最初はちょっとドキッとするんですが、「ちゃんと理解しなきゃ」という気持ちになる。表面的な理解のまま進んでいく感じがなくなりました。
効果:何が変わったか
Before
デザインパターンを学んだつもりだった。AIに説明してもらって「分かった」と思っていた。
でも、上司に「それ、具体的にどういう仕組み?」と聞かれたら、詳細を答えられなかった。
After
同じように学習しても、上司に突っ込まれたときに、ちゃんと説明ができるようになった。
なぜ変わったか
2つの理由があると思っています:
-
質問に答える過程で理解が整理された:learnコマンドで質問されて、自分の言葉で答えることで、曖昧だった部分が明確になった
-
AIがお世辞を言わないので、浅い理解がバレる:output-styleで「良い人フィルター」を外したことで、理解が浅いと容赦なく指摘される。深めざるを得なかった
余談:Claude Codeならではの利点
Claude Codeでやると、実際のプロジェクトコードを参照しながら学習できるのが良いです。
例えば、デザインパターンを学んでいるときに、「これ、今やってるプロジェクトのこの部分に使えるな」という紐付けができる。
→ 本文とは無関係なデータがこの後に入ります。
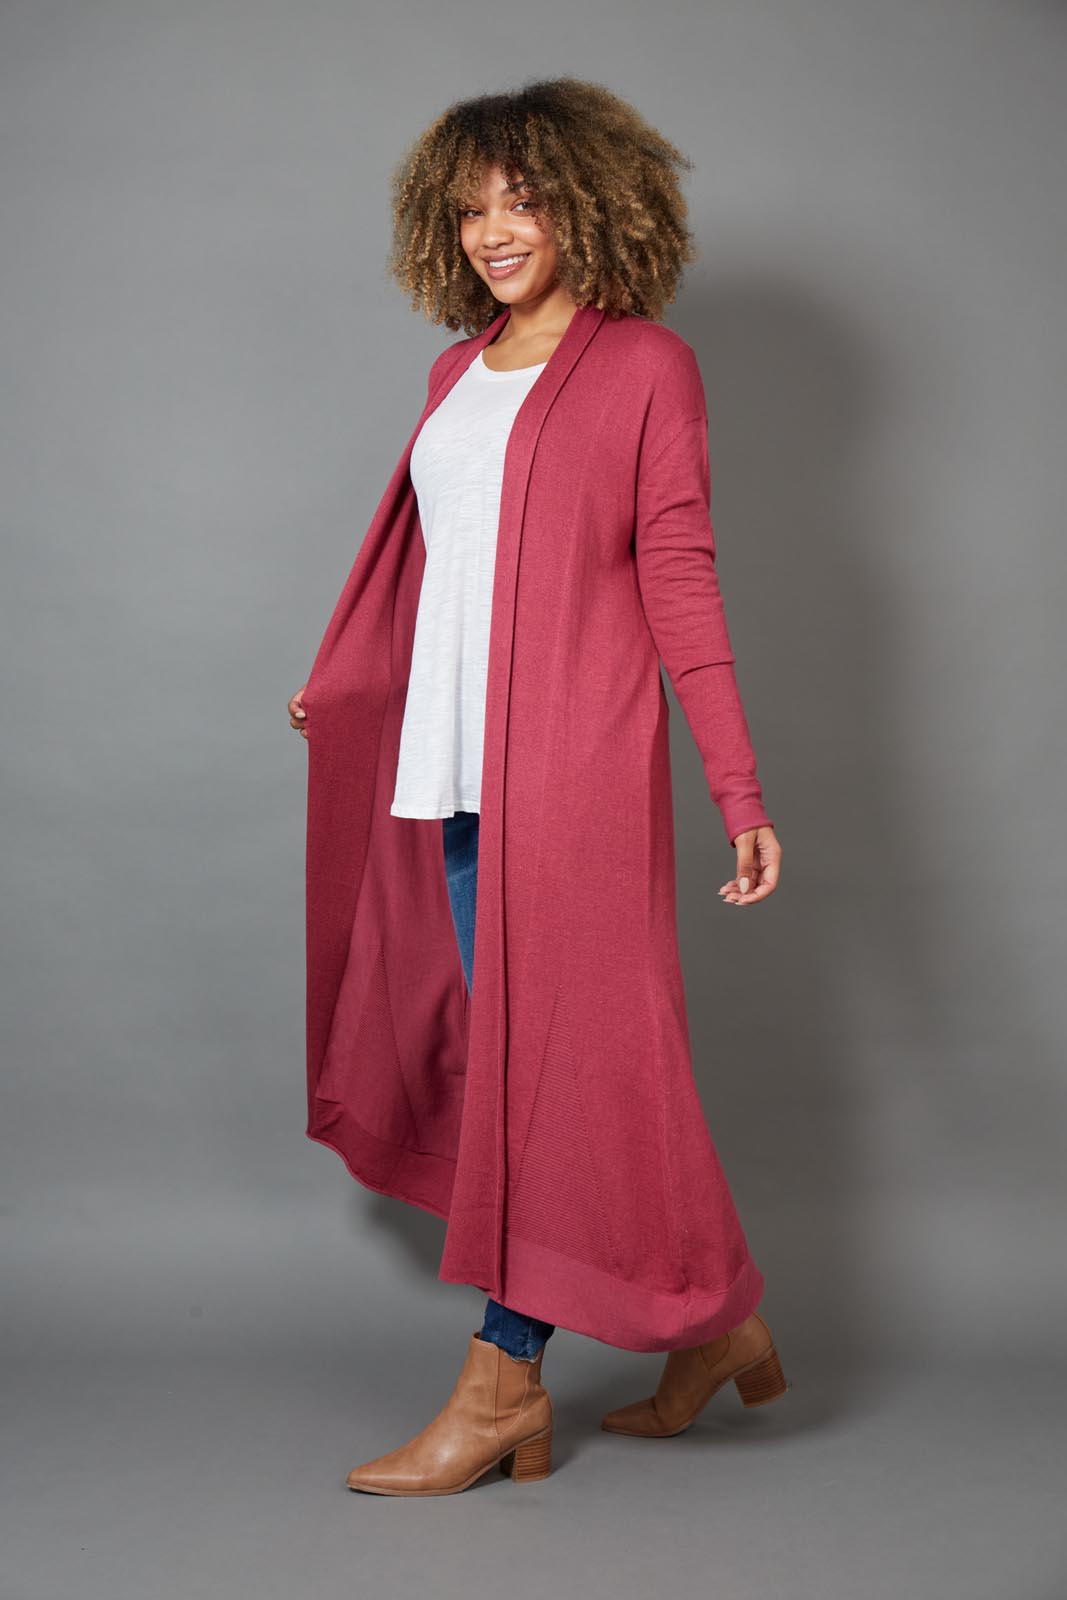 Cleo Longline Cardigan - Mulberry - eb&ive Clothing - Knit Cardigan Long One Size

抽象的な概念を、自分の仕事に結びつけて理解できるので、定着しやすいと感じています。
まとめ
「AIで分かった気になる」を防ぐには、自分の言葉で説明する機会を強制的に作るのが効果的でした。
私が作った仕組みは3つ:
- learnコマンド:AIが質問を投げかけて、自分の言葉で答えさせる
- articleコマンド:自分の言葉で書いたメモをベースに記事を生成
- output-style:「良い人フィルター」を外して、浅い理解を指摘してもらう
同じ悩みがある方は、ぜひ試してみてください。Claude Codeに限らず、「AIに質問させる」「自分の言葉を入力にする」という考え方は、他のツールでも応用できると思います。